# need help understanding coax cable signal problems



## ridgetop (Sep 13, 2007)

Anyone out there work for Comcast/ Xfinity? Or has a good knowledge of coax cable signals and troubleshooting problems with such cables?


----------



## ridgetop (Sep 13, 2007)

Anyone had a problem with a "leaky" signal with xfinity?
How was it fixed?


----------



## bowgy (Oct 10, 2007)

The typical problems with coax are a break in the center conductor or the shield, or a short of some sort between the shield and center conductor. This could be a direct short due to improper fitting installation or corrosion due to something like moisture.

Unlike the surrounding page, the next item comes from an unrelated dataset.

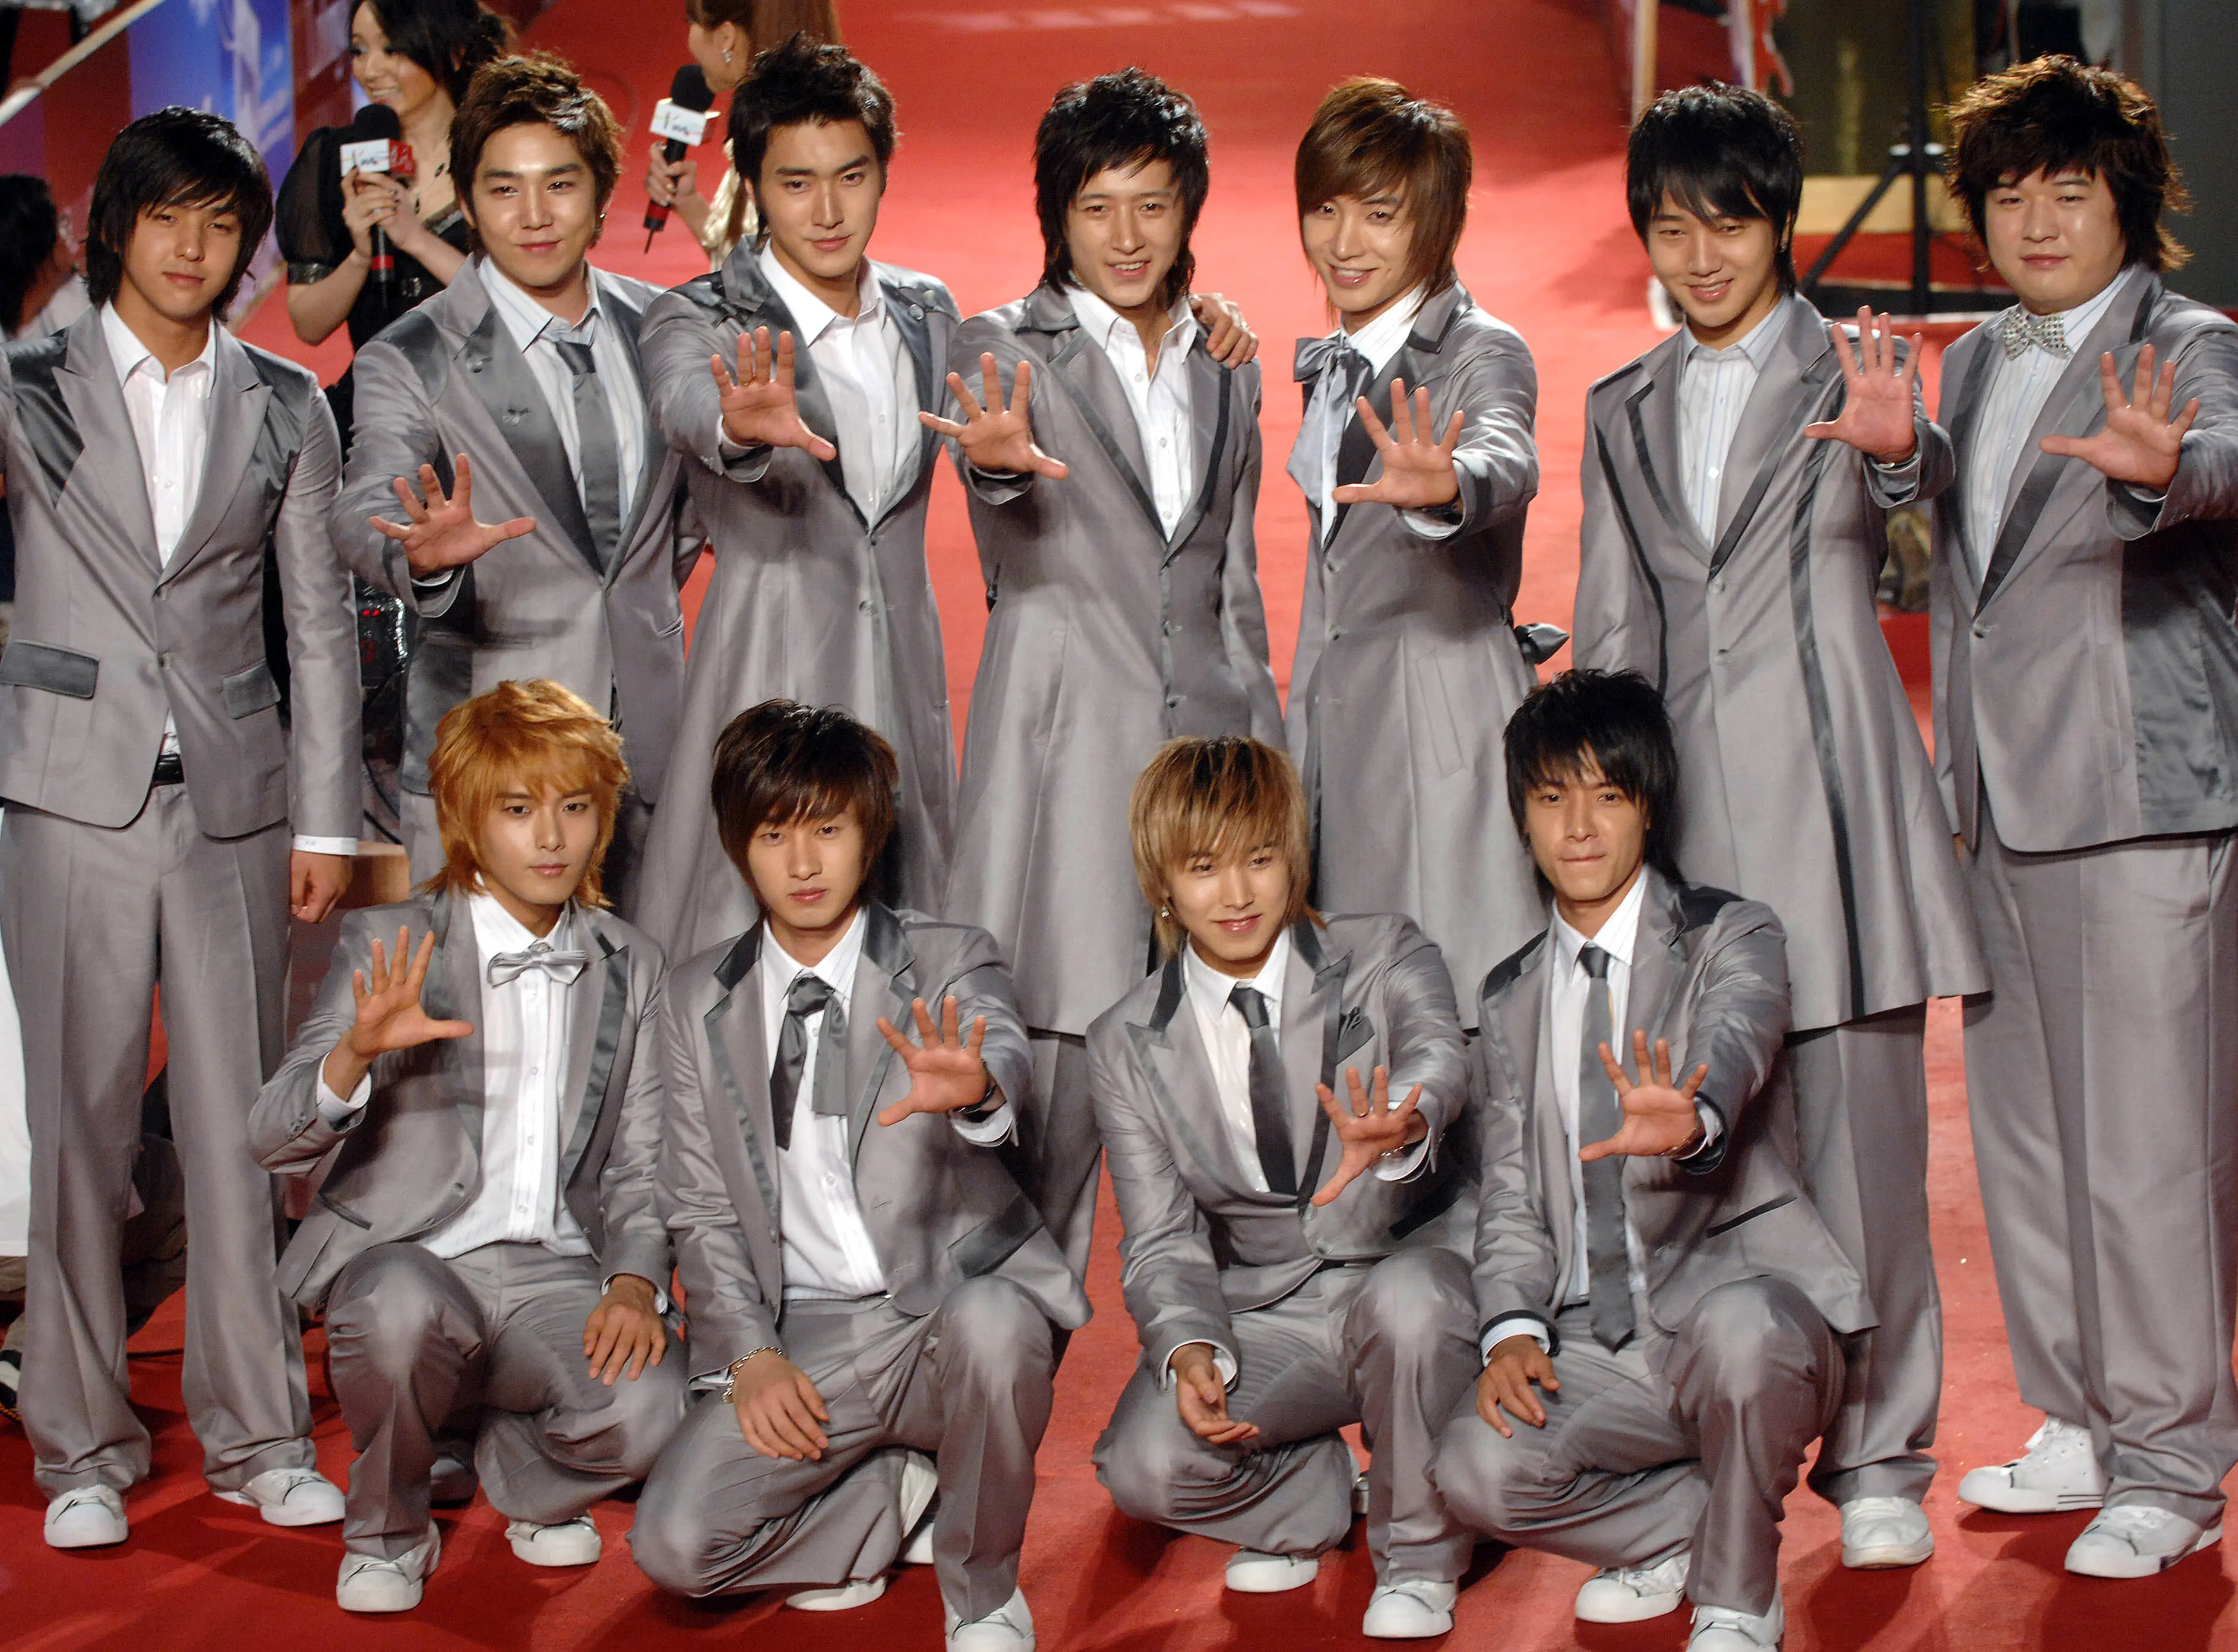 Super Junior (AFP/Bintang.com)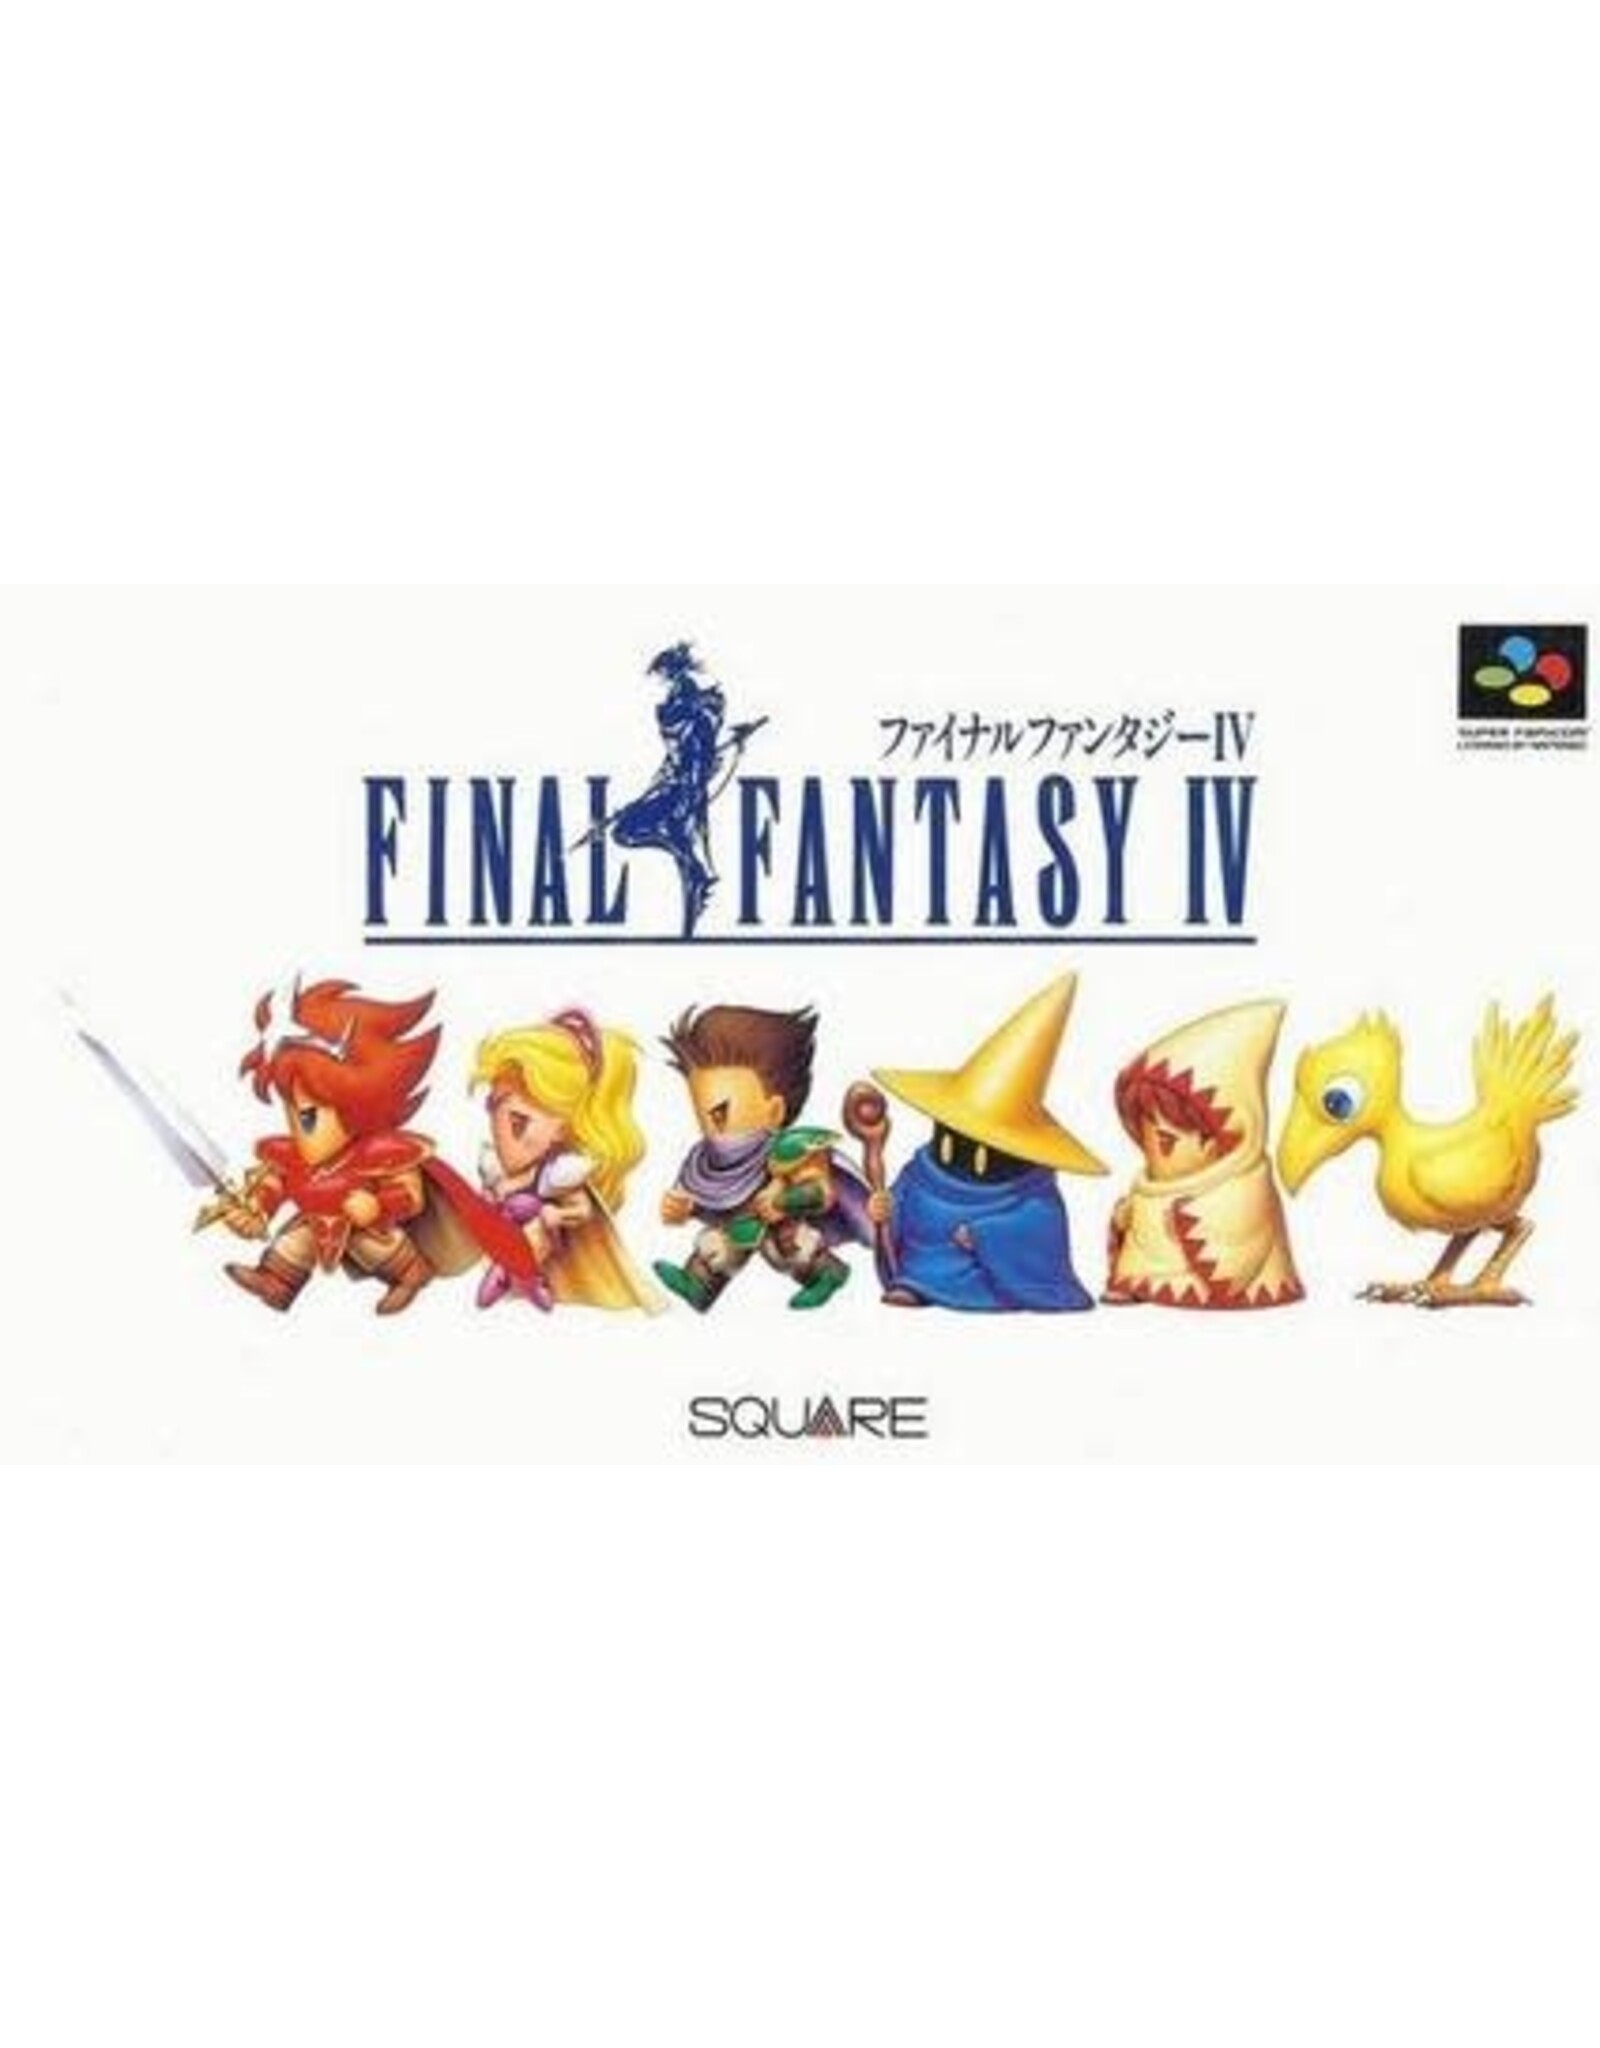 Super Famicom Final Fantasy IV (Cart Only, JP Import)

Leaking cables is often caused by a break in the coax or shield somewhere along the cable. This is the metal shield, a break in the plastic coating on the outside will not cause RF leakage but could lead to corrosion and degradation of the coax integrity.

Also there is loss in the cable, the longer the cable the more the loss.


----------



## RandomElk16 (Sep 17, 2013)

I fixed my comcast/xfinity tv -


Here was the trick. I called them and said "I want to cancel." 

Then I got Direct TV.


----------



## Don K (Mar 27, 2016)

This is a bit long but here it goes.

We where having issues here at the house and called Comcast. They said nothing is wrong here must be on your end. So my son who is a online video game player was the one that knew something was wrong. He went online and found some speed test through the net and found we where loosing "packets" of information that was causing glitches. A call to Comcast and a tech showed up. The tech replaced the coax connectors inside the house and said he could not find the problem but will send it "up the ladder" for someone else to look into. A week later another call to Comcast and they said they thought the tech fixed the problem. So here comes another tech, my son shows him the packet loss and outside he goes. He replaces the cable coming off the pole and the coax connections coming into the house, then leaves. Two days later we are still getting dropped internet packet losses and TV glitches so call Comcast again. This time a supervisor comes out and my son shows him the packet loss and my son showed him it was down the line somewhere. Two days after that the guy sends my son a email and said they found the problem and it should be fixed. 

All is good now and no problems. Lesson learned let one of your kids get hampered on their online games and they will be on a mission. Also lesson learned keep calling Comcast until its fixed...........


----------